Bush is expected to announce his next high court nominee soon, an event that will create another news point far from Libby. If he makes a choice that satisfies his conservative base but does not inflame the left, he can show the political world he's back on his game - but analysts are hard put to identify such a candidate.

Still, Libby's legal woes are sure to remain in the news for months to come - probably right up to the 2006 midterms, an uncomfortable political fact for Republicans seeking election or reelection.

Many questions remain in the Libby case. His indictment "basically for participating in a coverup I think inevitably raises the question in people's minds: Who was he trying to protect and what was he trying to protect?" says Joel K. Goldstein, author of a book on the vice presidency and a law professor at St. Louis University.

Presidential scholars also marveled at the historic nature of Friday's indictment, looking back through the decades to past examples of high-level legal woes and how presidents have coped.

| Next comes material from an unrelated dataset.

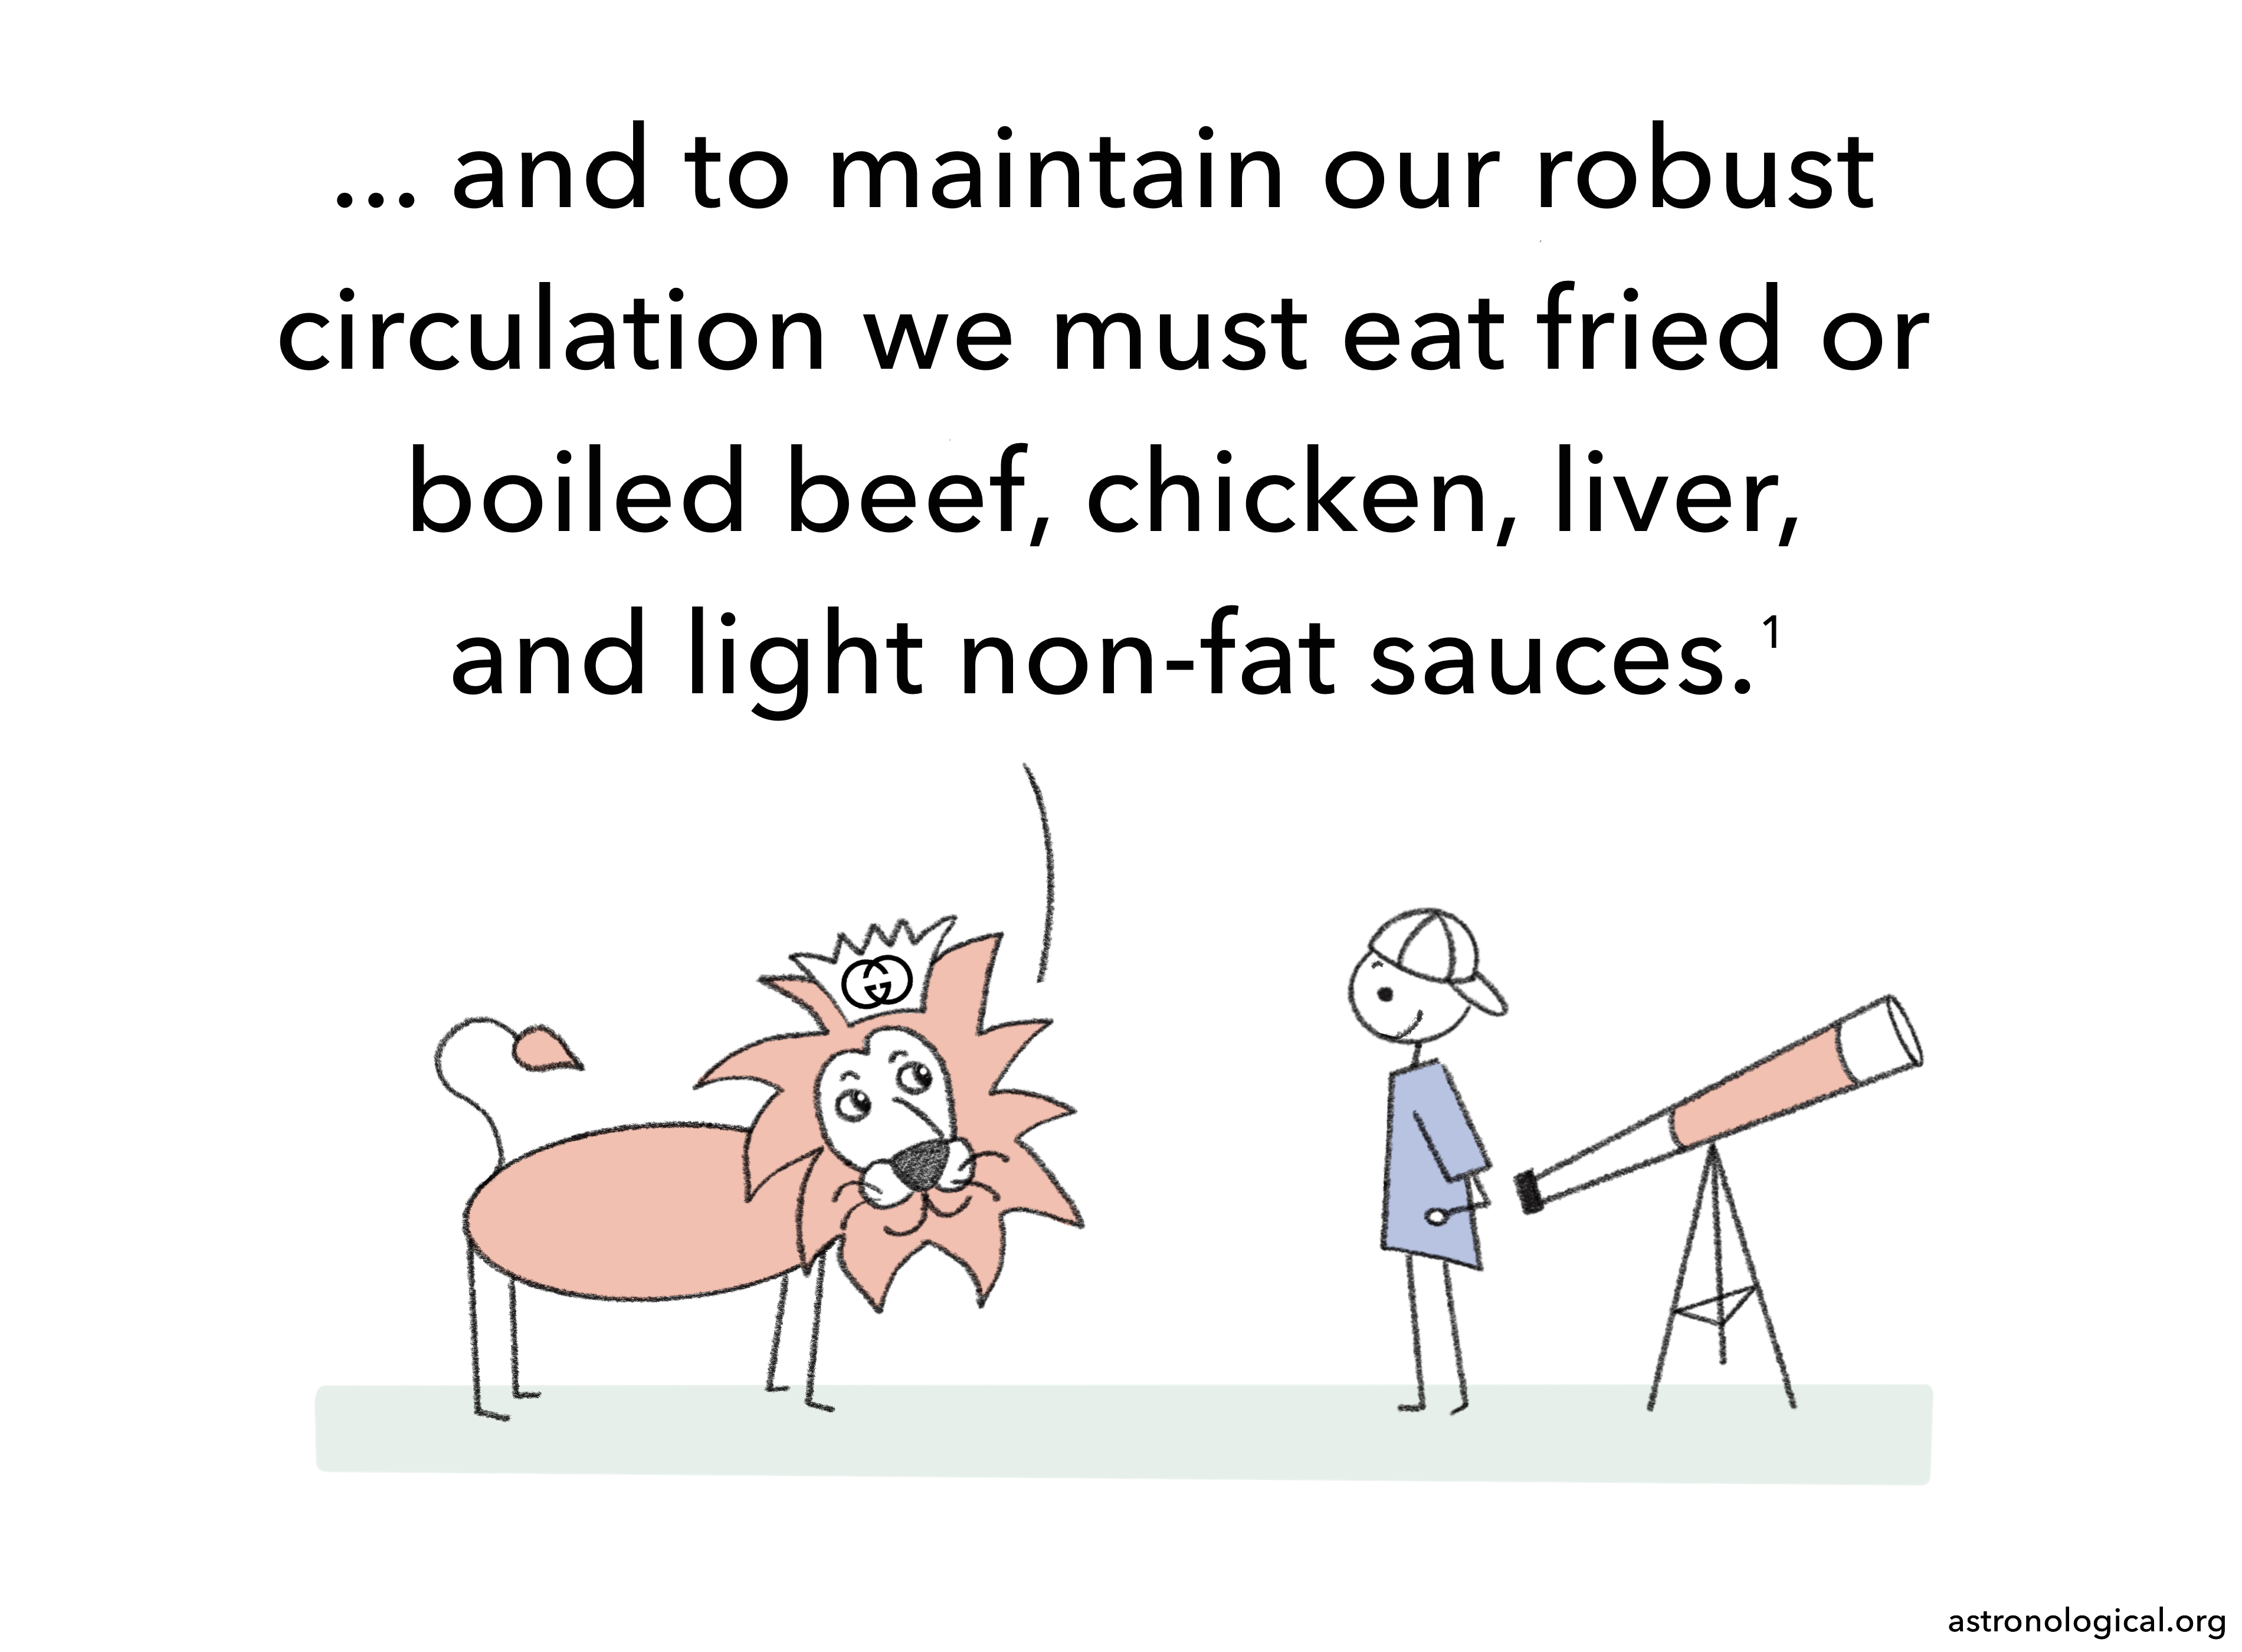 The lion continues: ... and to maintain our robust circulation we must eat fried or boiled beef, chicken, liver, and light non-fat sauces. The scientist looks amused.

"What you have with Bush is a double-whammy, the odor of Vietnam and the smell of Watergate," says historian Robert Dallek.

Others detect a scent not quite so powerful, in part because Rove has not been indicted and because Bush has not been directly implicated. "It's less than Watergate, because I don't see anything that points a dagger at the president, to the point that he can't finish his four years," says Fred Greenstein, a presidential scholar at Princeton University. "But whether he can pull out of this succession of difficulties is hard to say."